With the pictures removed, the data below must be transcribed in full and exactly.

# Information provided:
++++++++++

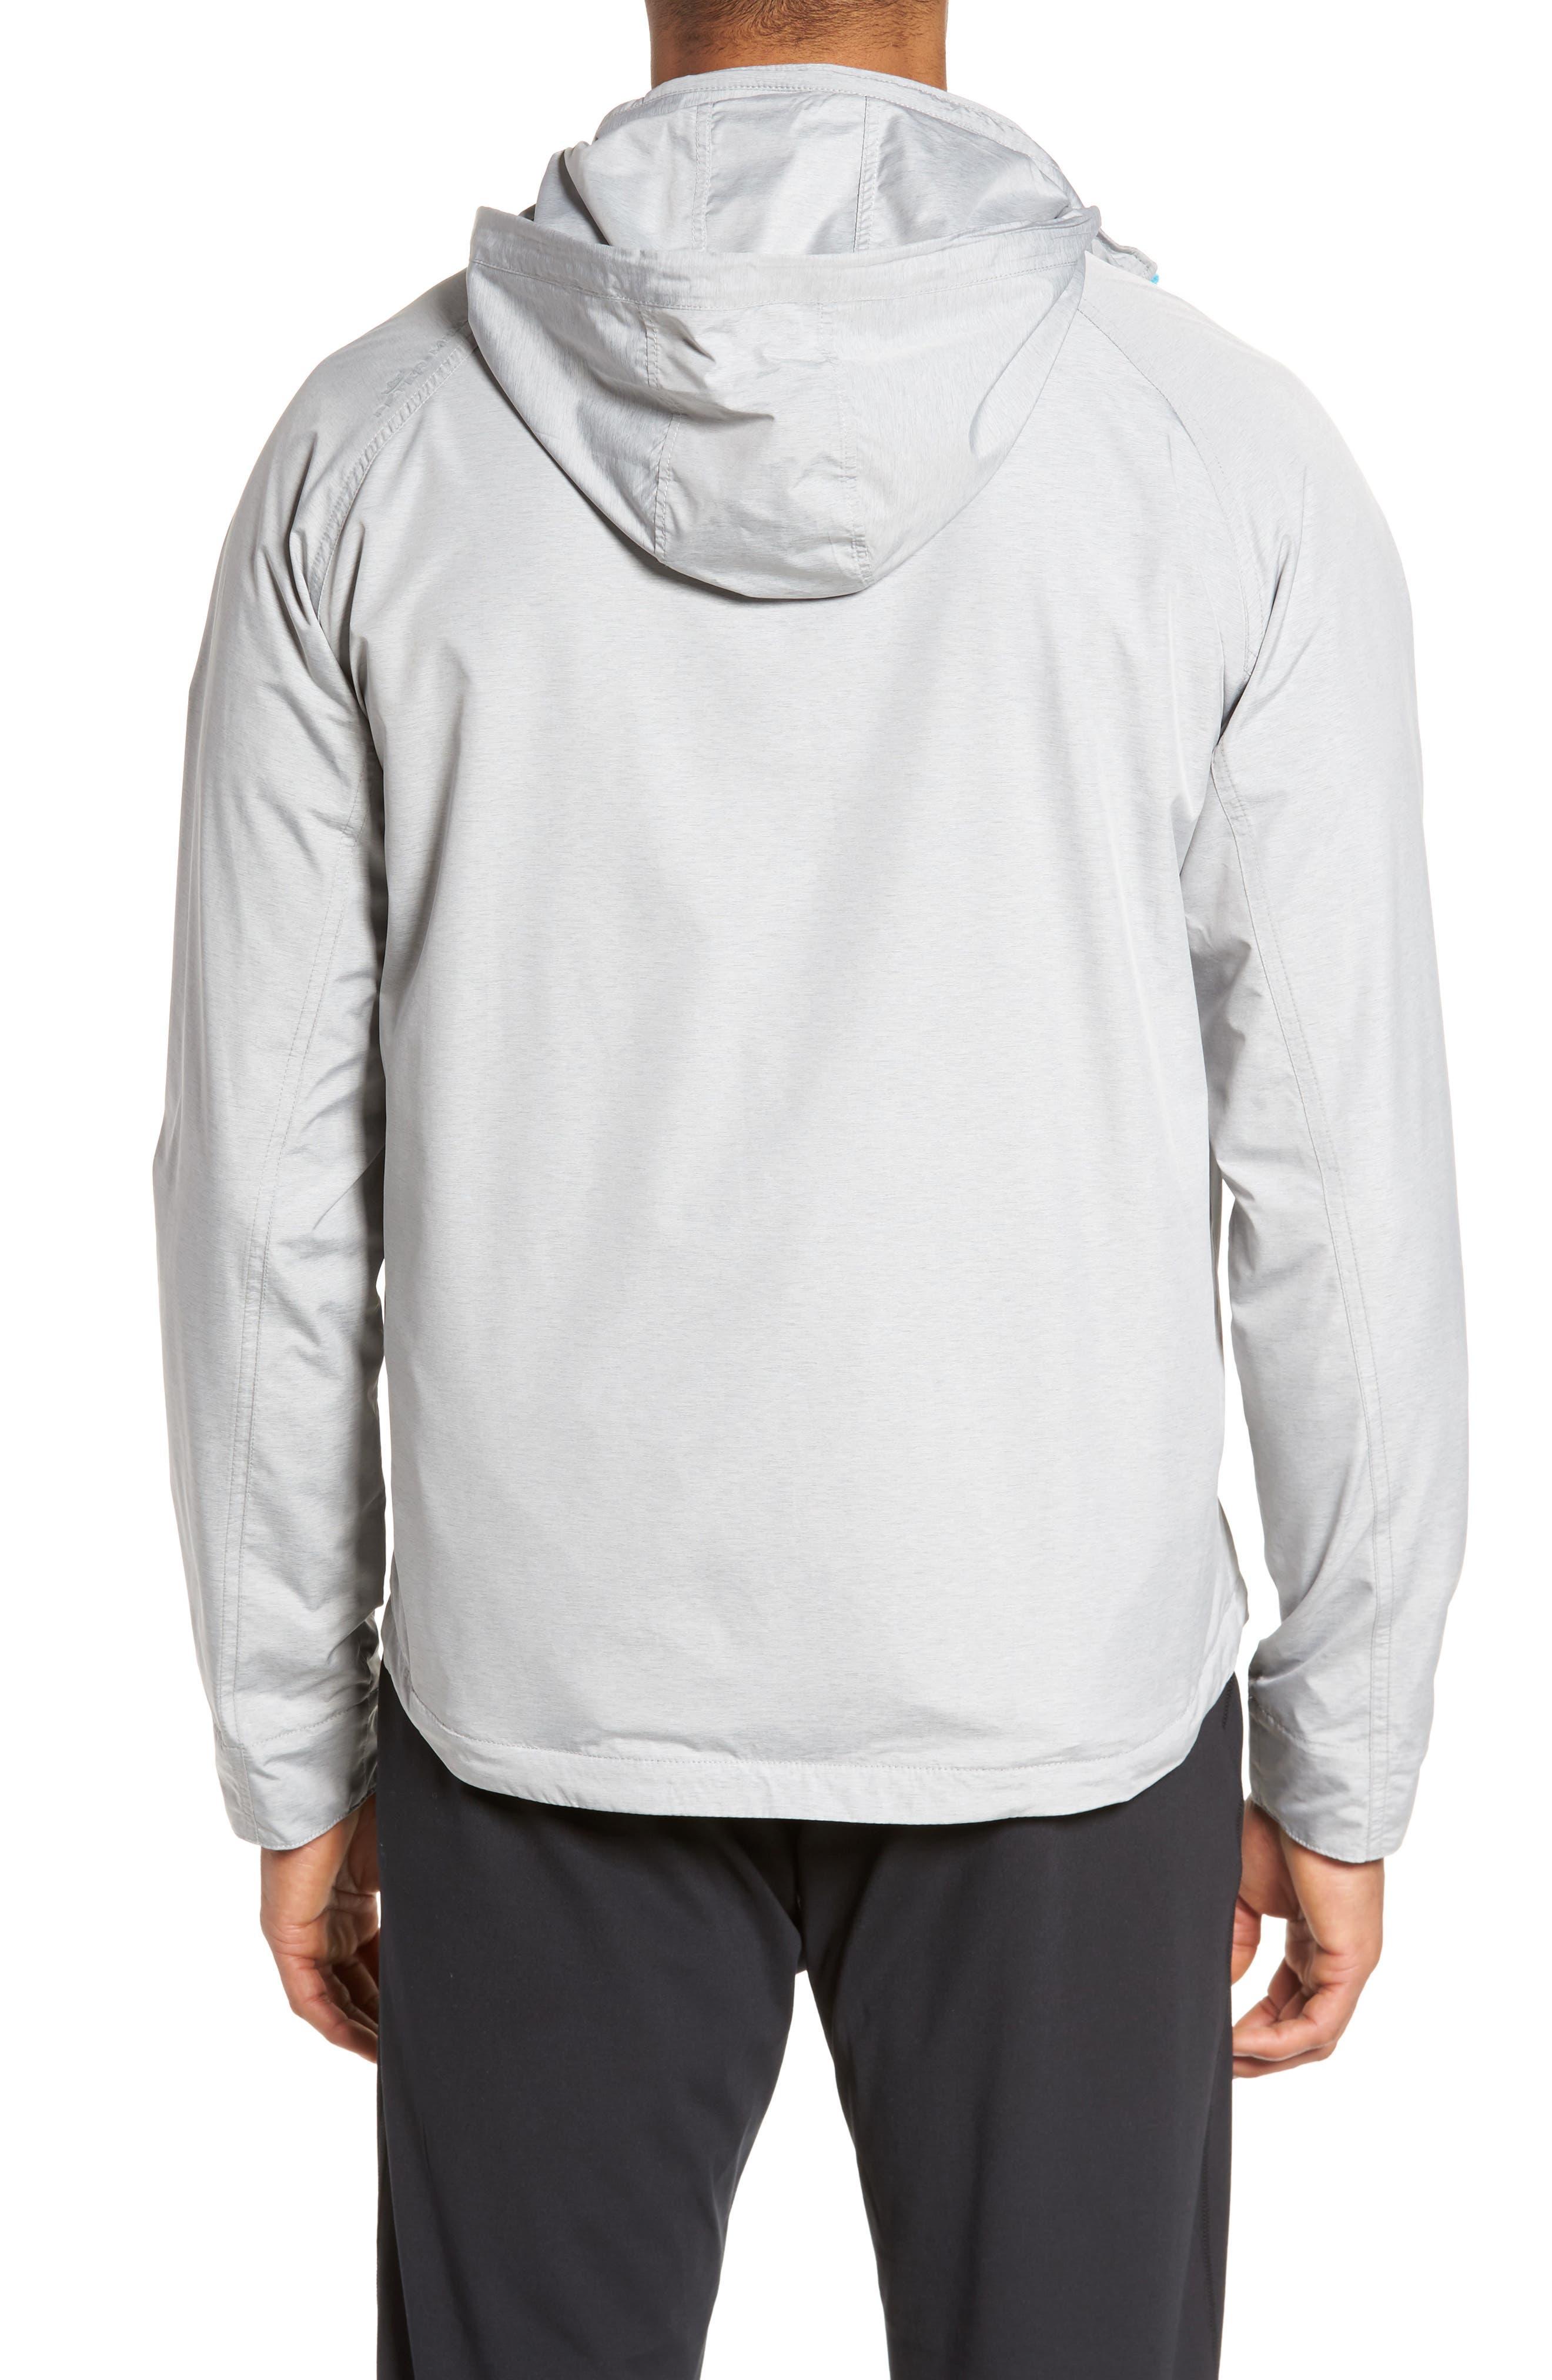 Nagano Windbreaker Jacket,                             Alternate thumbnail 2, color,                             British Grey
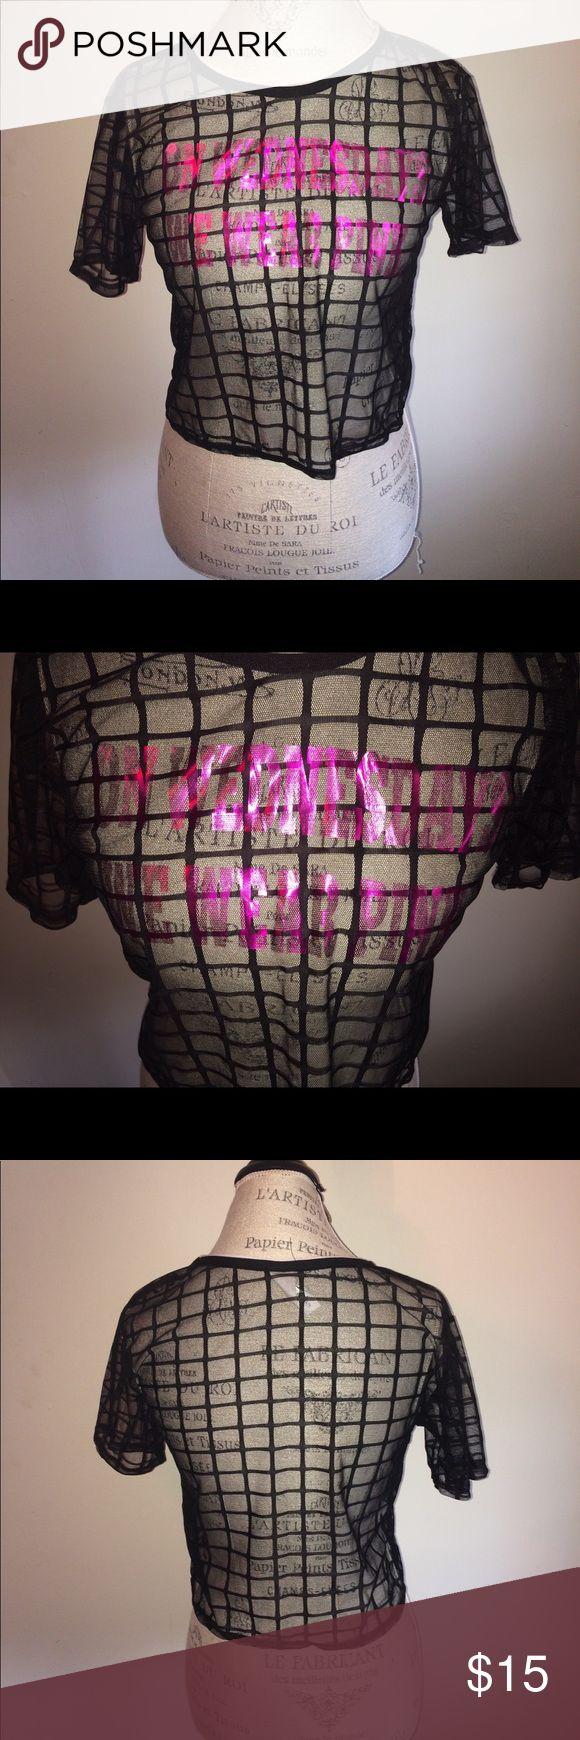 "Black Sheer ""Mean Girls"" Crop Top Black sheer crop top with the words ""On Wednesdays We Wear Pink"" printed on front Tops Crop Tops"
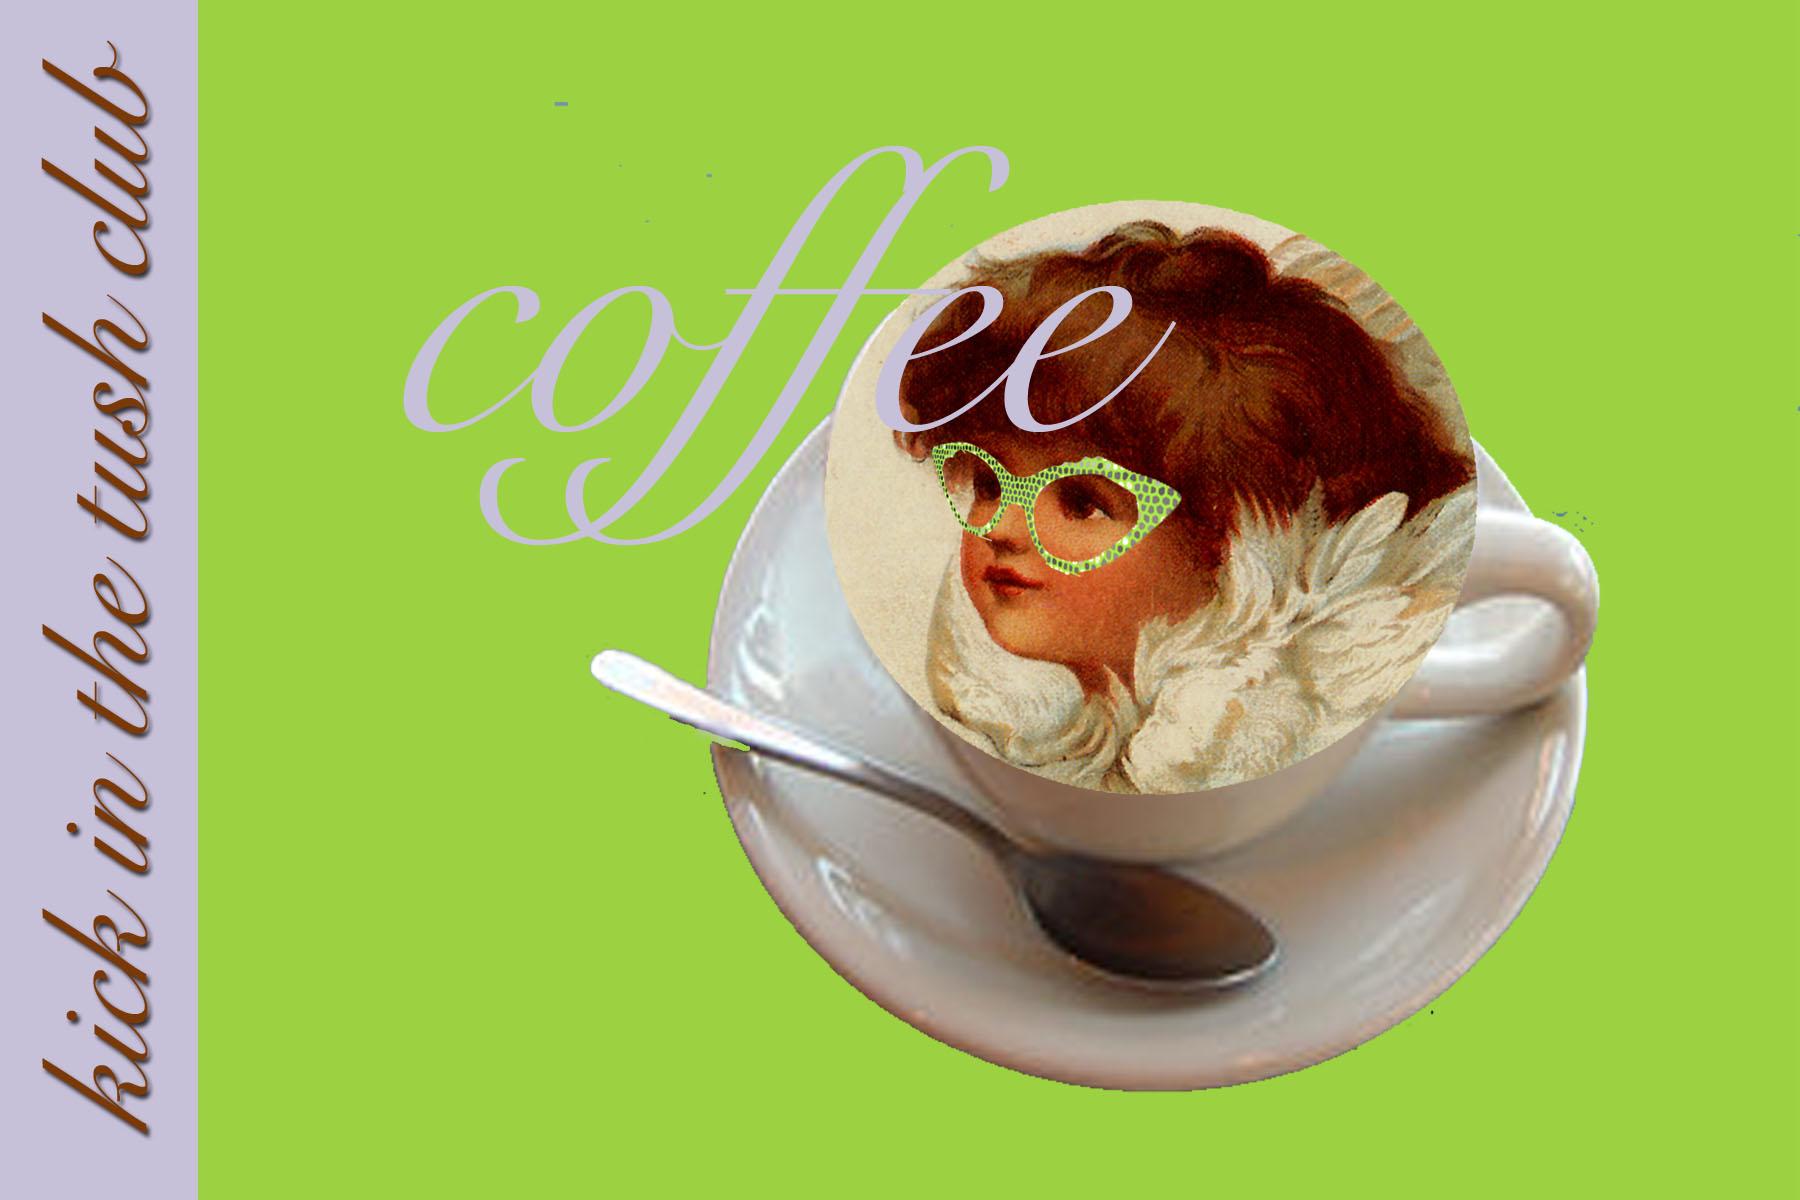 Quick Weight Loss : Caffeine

++++++++++

# Solution to this exercise:
 Nagano Windbreaker Jacket,                             Alternate thumbnail 2, color,                             British Grey
 "Black Sheer ""Mean Girls"" Crop Top Black sheer crop top with the words ""On Wednesdays We Wear Pink"" printed on front Tops Crop Tops"
 Quick Weight Loss : Caffeine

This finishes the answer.